Thank you! :grin2: It's actually two different pieces pushed together. I ended up smashing some of my anubias as I was trying to fit them in.


----------



## tlriot (May 10, 2014)

wakka987 said:


> Thank you! :grin2: It's actually two different pieces pushed together. I ended up smashing some of my anubias as I was trying to fit them in.

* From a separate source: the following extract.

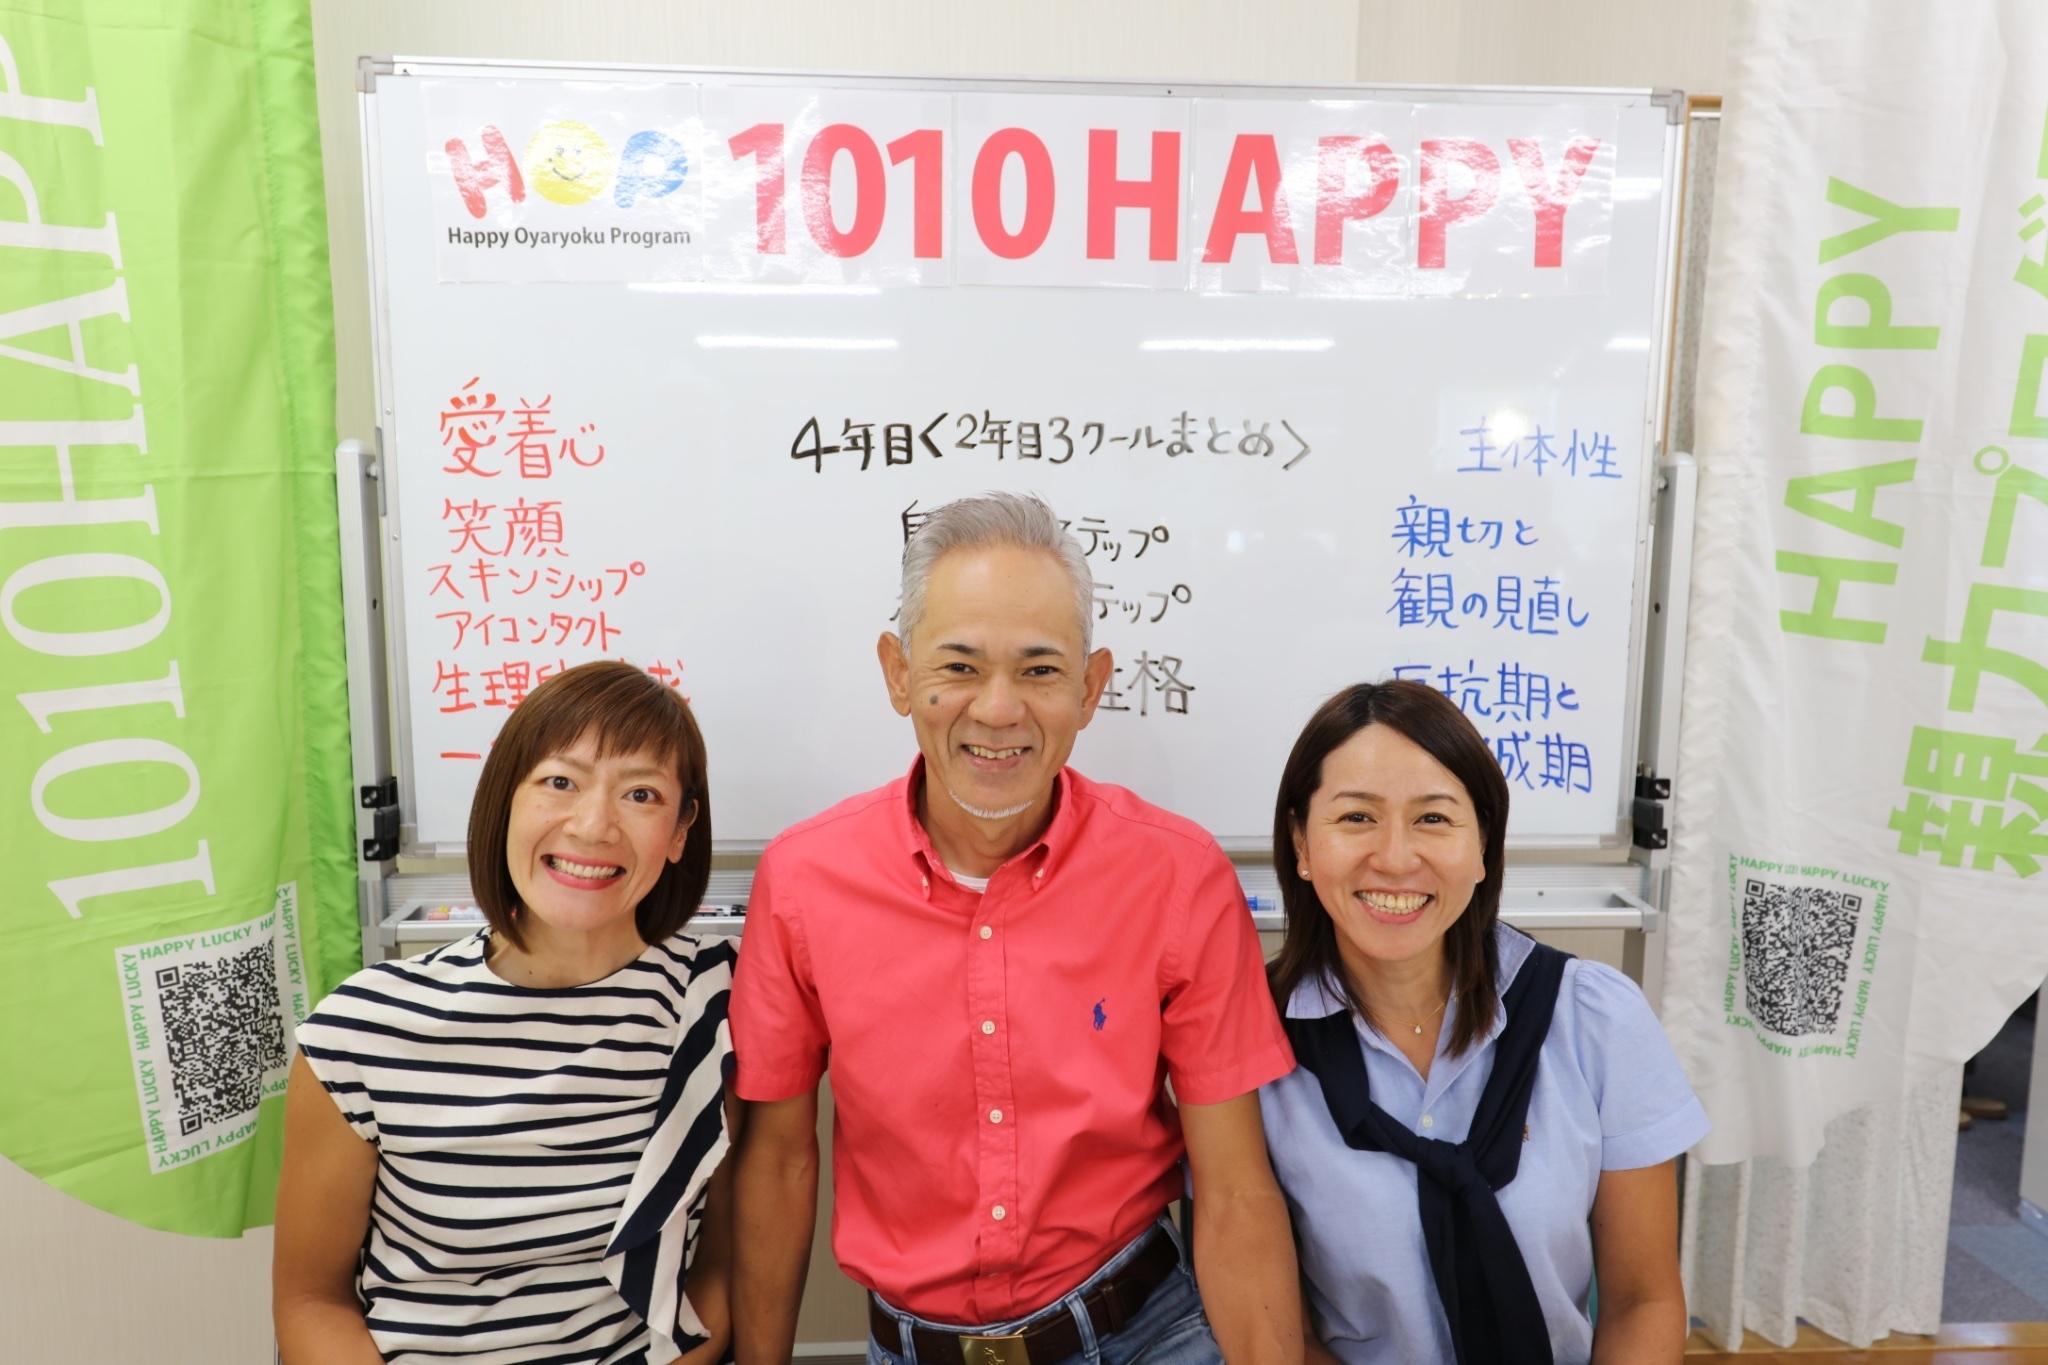 7月1010HAPPYは動画でお届け❣️〜先生の講話より〜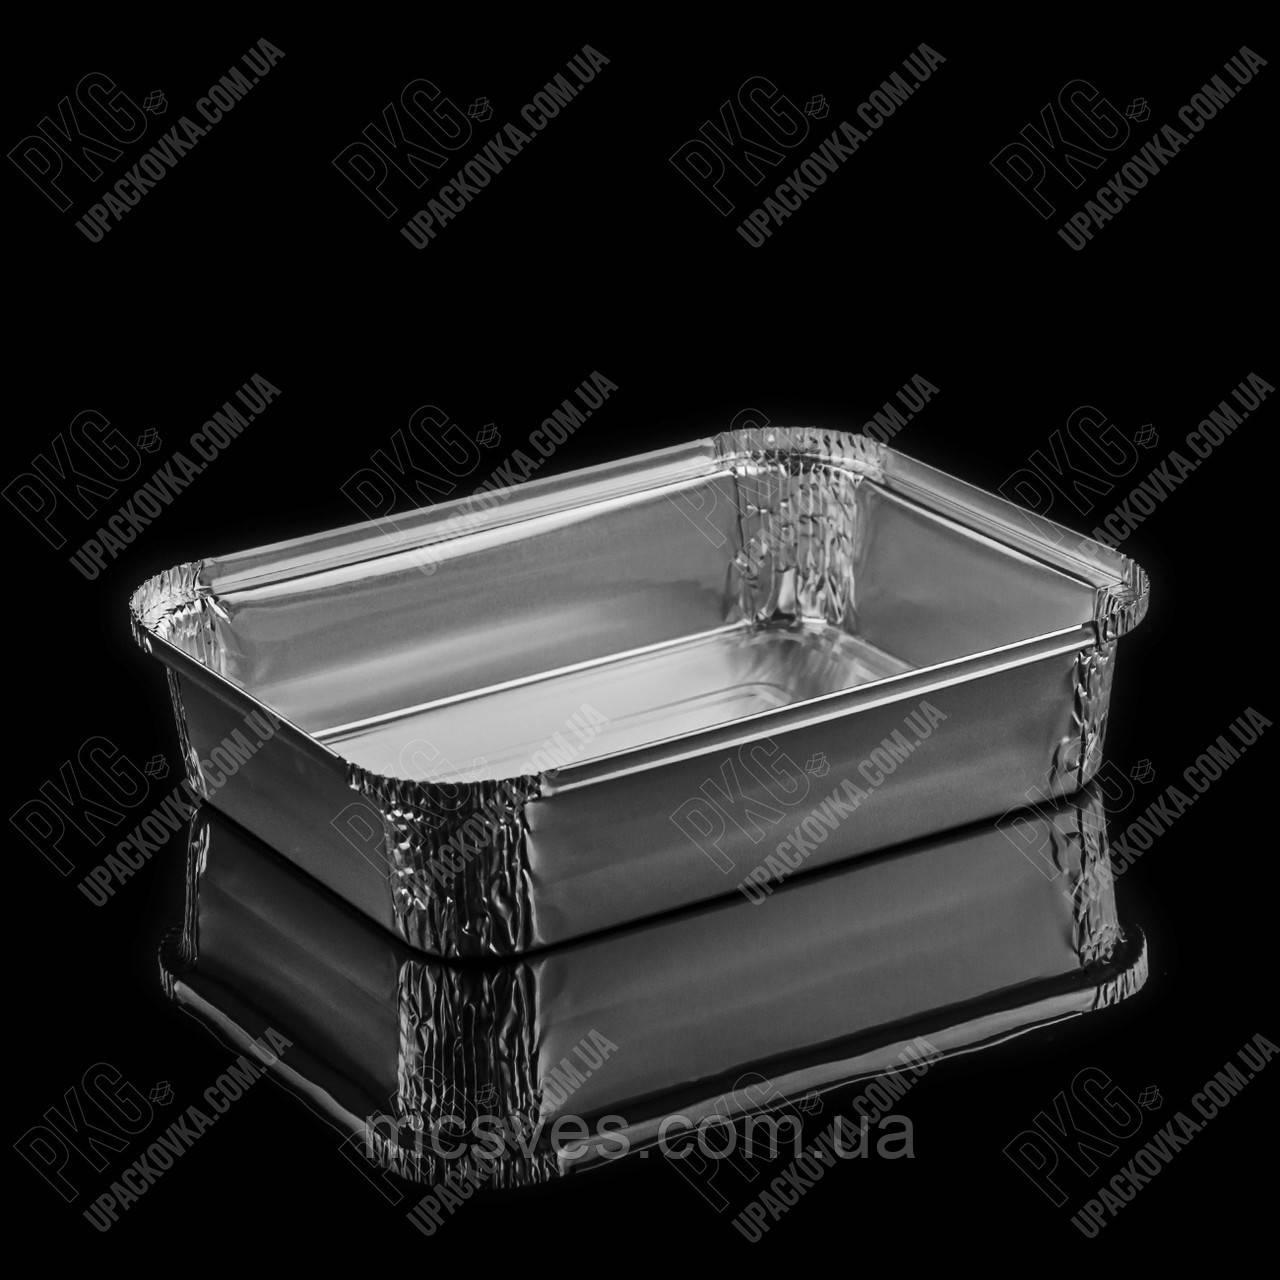 Контейнер с крышкой из пищевой алюминиевой фольги R27L (210*160*45)

I'm sure your anubias will recover. If the rhyzome is intact, it will grow new leaves. They are really tough little plants.


----------



## agfish12 (Dec 2, 2015)

Here is my low tech 5g Betta 










Sent from my iPhone using Tapatalk


----------



## wakka987 (Nov 3, 2016)

agfish12 said:


> Here is my low tech 5g Betta
> 
> 
> 
> ...


Pretty betta!


----------



## wakka987 (Nov 3, 2016)

Day 3
Ammonia was reading 4ppm, so I did a water change. Some leaves on my crypt parvas seem to be melting . An anubias got detached from the driftwood, was a pain to reattach it. Water is cloudy again since I was fiddling around with things, maybe a little too much.


----------



## tlriot (May 10, 2014)

wakka987 said:


> Day 3
> Ammonia was reading 4ppm, so I did a water change. Some leaves on my crypt parvas seem to be melting . An anubias got detached from the driftwood, was a pain to reattach it. Water is cloudy again since I was fiddling around with things, maybe a little too much.


Crypt melt is normal and nothing to worry about. They will recover.

Keep up doing daily water changes for a full week, then switch to every other day for a week.

Sent from my SM-G900V using Tapatalk


----------



## wakka987 (Nov 3, 2016)

tlriot said:


> Crypt melt is normal and nothing to worry about. They will recover.
> 
> Keep up doing daily water changes for a full week, then switch to every other day for a week.
> 
> Sent from my SM-G900V using Tapatalk


Will do. I'm just afraid they'll all melt and I'll have a barren tank for a while:crying:. I noticed some of the roots were a little squishy when I did a bit of moving around, is that ok too?


----------



## tlriot (May 10, 2014)

wakka987 said:


> Will do. I'm just afraid they'll all melt and I'll have a barren tank for a while:crying:. I noticed some of the roots were a little squishy when I did a bit of moving around, is that ok too?


I mangled up crypts really bad while planting amd they are recovering. So long as there is some viable root system they seem to come back. I've had crypts in the past that dropped every single leaf and within a week were looking like plants again.

The trick is to try and enjoy a barren tank, because that means you get to keep filling it in and watching it grow!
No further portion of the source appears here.